Employers can impose default options that defer a percentage of an employee’s salary into a 401(k) account and that invest the account. Employers have been very conservative about the default options in the past because of liability concerns.

To encourage greater deferral and higher-return investing, the legal liability of employers is limited by the new law. The default option in a plan can be to defer more salary and invest the accounts for higher growth. Employees still will be free to make their own choices. The law affects only the default option for employees who do not make a choice.

A number of provisions from the 2001 tax law that set higher deduction and contribution limits were set to expire after 2010. These include:

  • Higher IRA contributions limits. 
  • Higher “catch-up” contribution limits for those age 50 and over. 
  • Higher contribution limits for 401(k) plans and also for defined benefit plans. 
  • The saver’s tax credit for modest income households. 

These and other provisions that were set to expire are made permanent in the new law.

Plan participants also receive broader rights to invest their accounts in investments other than the employer’s securities. These will reduce the damage in Enron-like situations when people lost their jobs and saw their retirement accounts dwindle because they were required to own company stock.

The charitable giving section of the law makes it easier to make charitable contributions from an IRA or 401(k). Under prior law, it was not worthwhile to make a lifetime contribution from an IRA or 401(k). You first took a distribution from the plan that was included in gross income. Then, you made a contribution to charity and took a charitable contribution deduction. But you had to itemize deductions in order to get a tax benefit. In addition, the reduction in itemized deductions for higher income taxpayers might have eliminated part of your deduction. Taxpayers could end up paying income taxes on money they gave to charity.

Under the new law, a taxable distribution that is taken from an IRA is excluded from gross income if it is a “qualified charitable distribution.” The exclusion is allowed for distributions of up to $100,000 annually.

A qualified charitable distribution is a distribution made directly by the IRA custodian to a public charitable organization or a donor advised fund. In addition, the IRA owner must be at least age 70½ on the date of the distribution. If the distribution is excluded from gross income, it cannot be taken as charitable contribution deduction.

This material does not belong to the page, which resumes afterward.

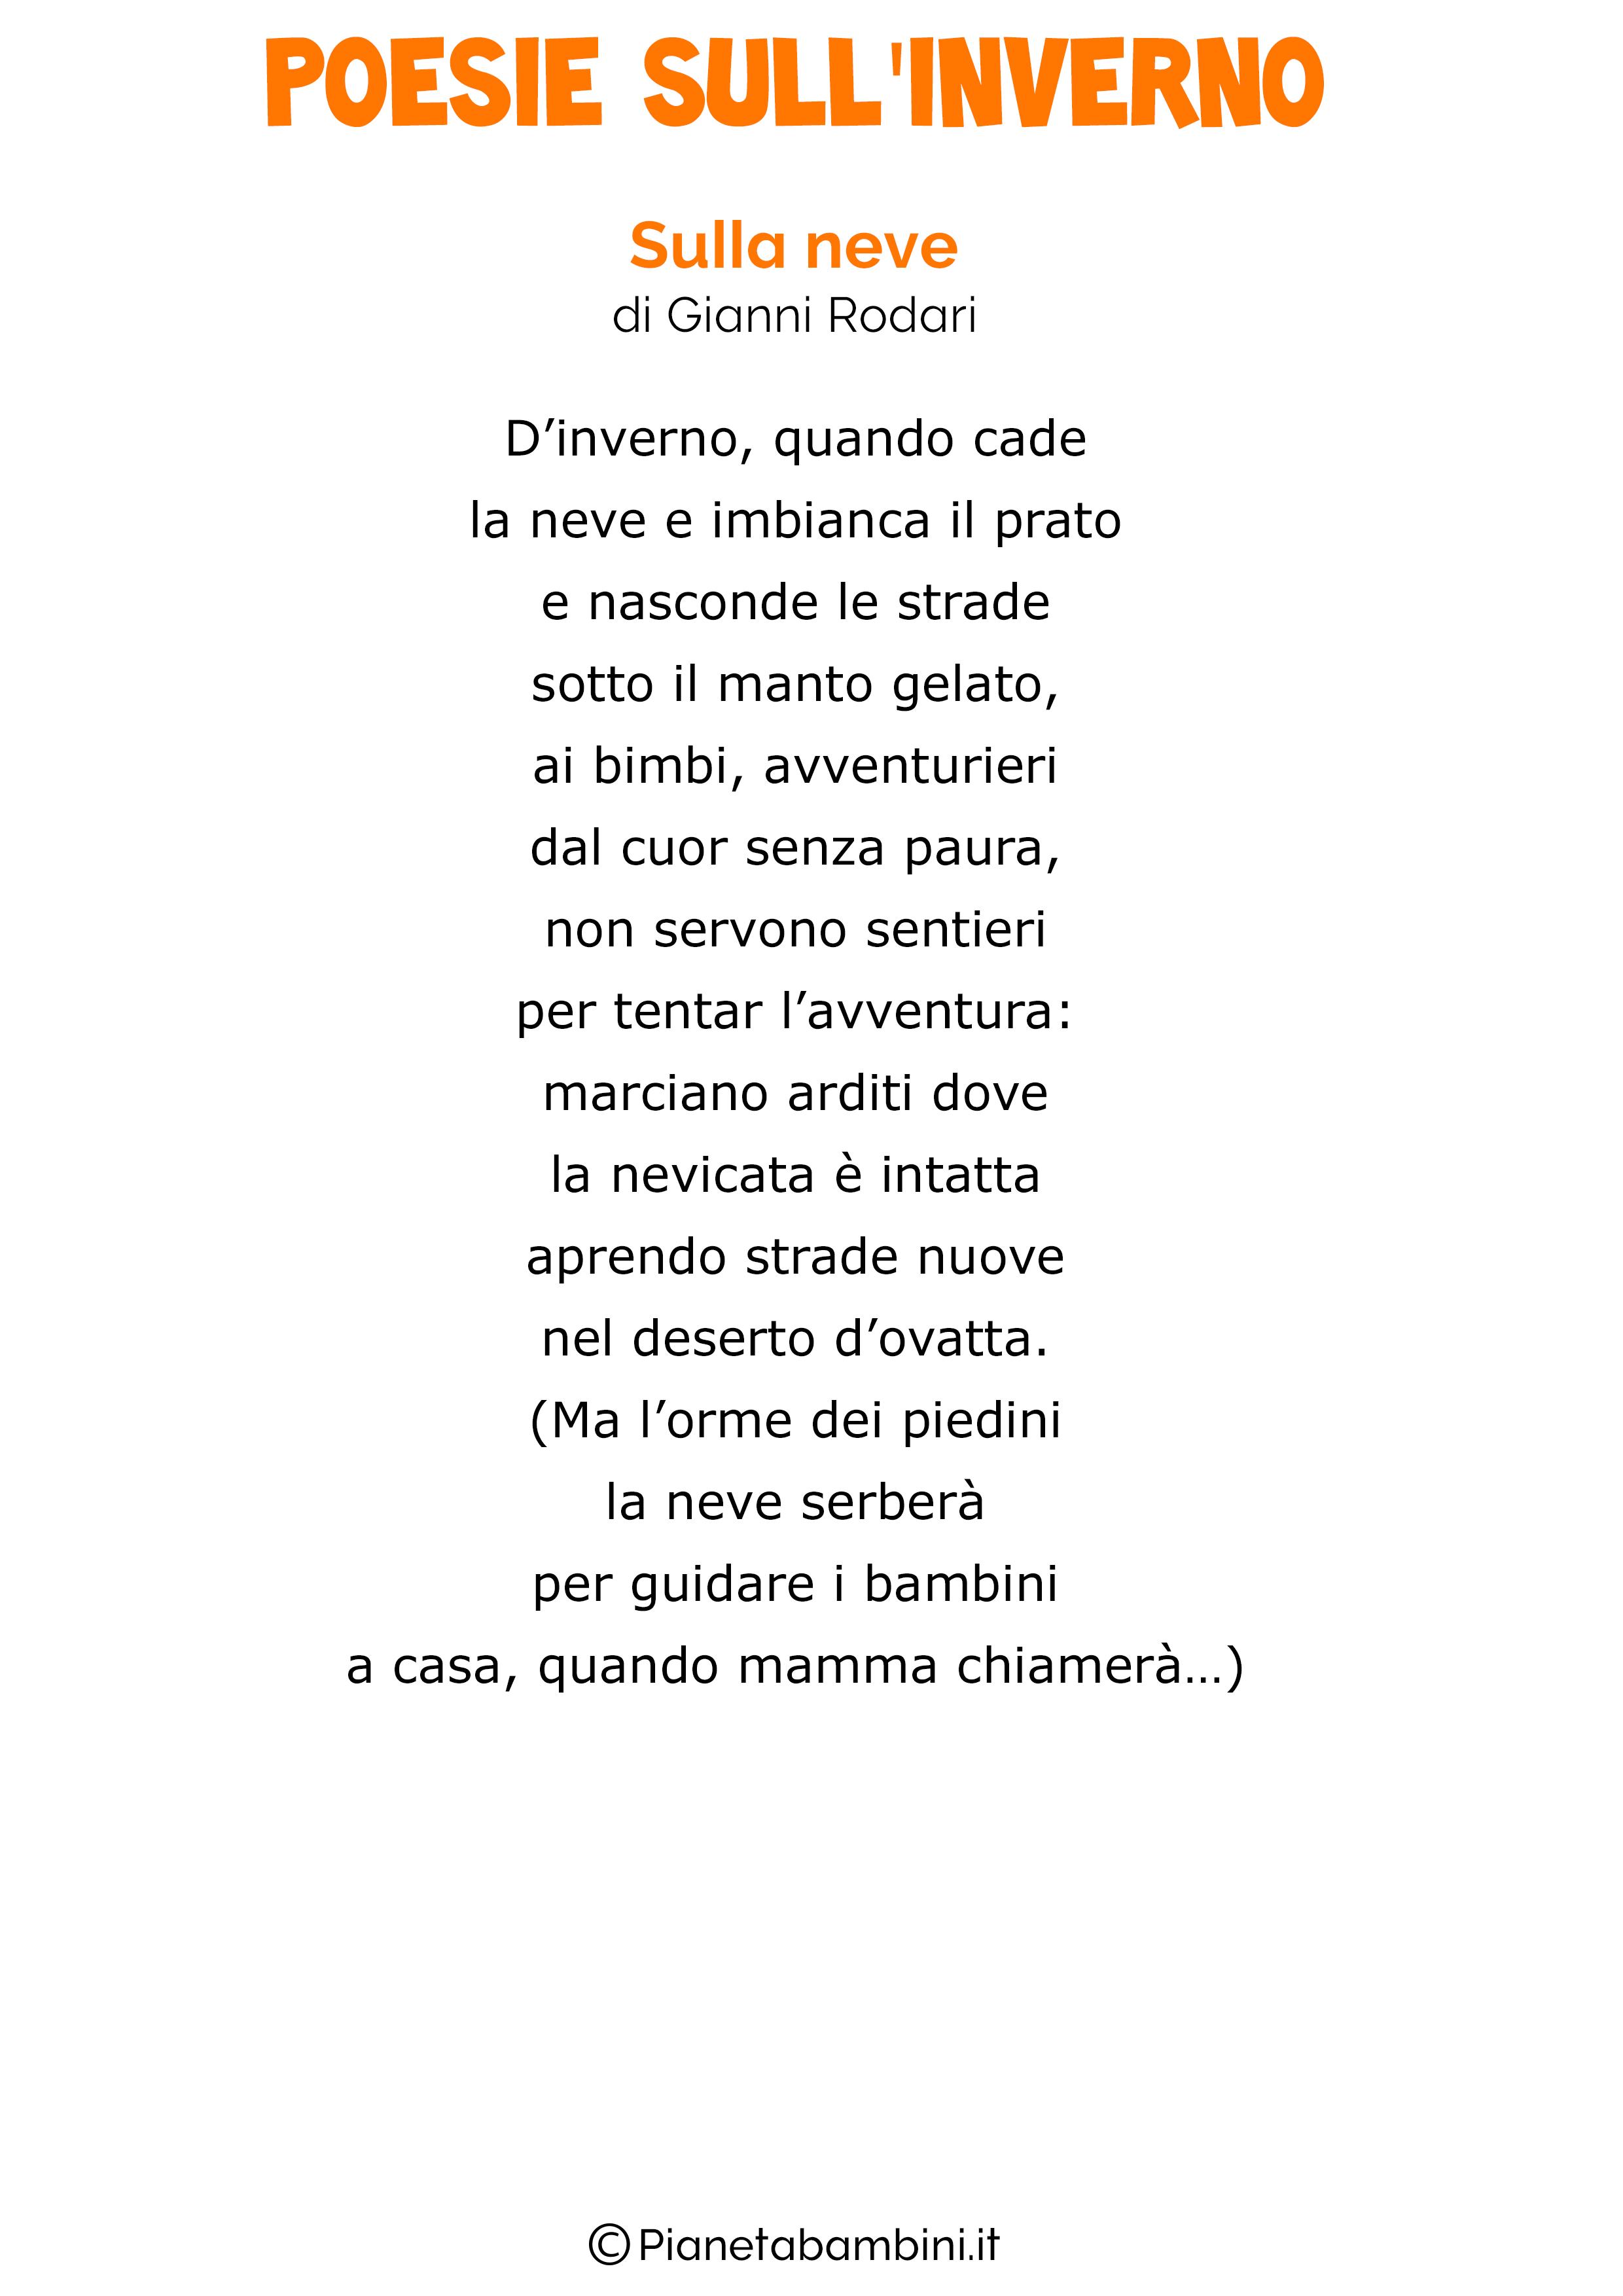 Eccezionale 40 Poesie sull'Inverno per Bambini | PianetaBambini.it XO56

There are special rules when the IRA contains nondeductible contributions.

For example, suppose Max Profits has a traditional IRA with a balance of $100,000 that consists solely of deductible contributions and investment earnings. Max directs the entire balance be distributed to a qualified charity. Under the old law, Max would have to include the entire $100,000 in gross income. But under the new law, none of the $100,000 is included in Max’s gross income, and Max does not take a charitable contribution deduction.

This provision is in effect for years after Dec. 31, 2005, and before Jan. 1, 2008. That means it can be used this year by eligible individuals to make charitable contributions from IRAs.

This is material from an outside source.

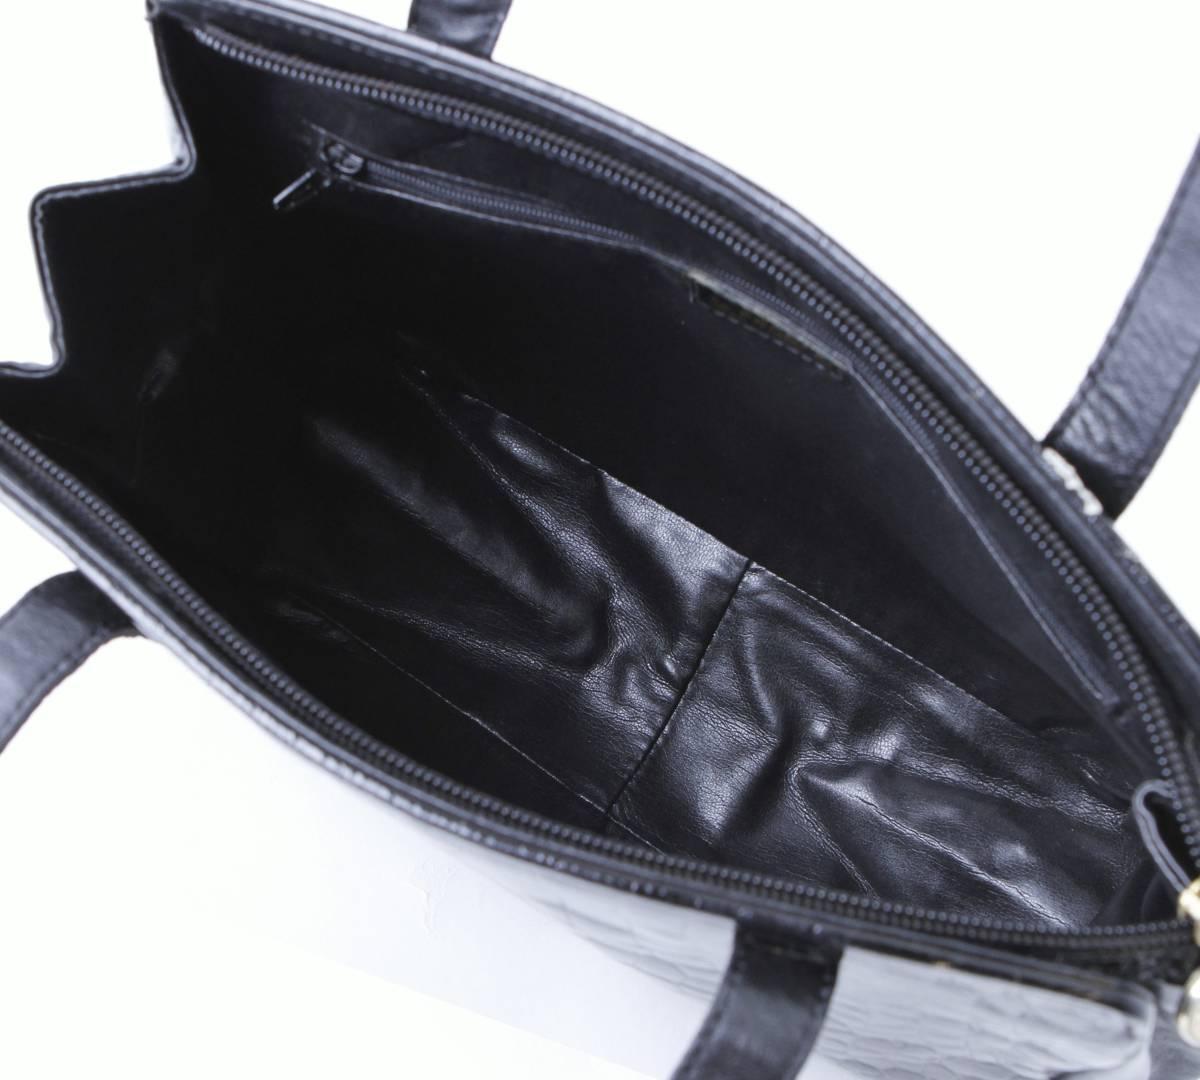 美品 FENDI フェンディ 本ワニ革 クロコダイル ×レザー トートバッグ ショルダーバッグ イタリア製 黒 ブラック ヴィンテージ_画像9

The new law limits deductions for contributions of clothing and household property. A deduction is allowed for clothing or household property only if the item is in good used condition or better. There is an exception if the item is appraised for more than $500.

The IRS may establish regulations that prohibit any deduction for items that have a minimum value, and the committee report accompanying the law explicitly mentions socks and undergarments. Household items are defined to include furniture, furnishings, electronics, appliances, linens, and similar items. Excluded from the definition are food, paintings, antiques, other objects of art, jewelry, gems, and collections.
The limit is effective after the date the law is enacted.

The recordkeeping rules for charitable contributions of money also are tightened. Donors of cash contributions must maintain a bank record or a written record from the donee organization that shows the name of the charity, date, and amount of the contribution. Other records no longer are acceptable. These rules apply to contributions of any amount made after the date the law is enacted.
We’ll have more details of the law in next month’s visit.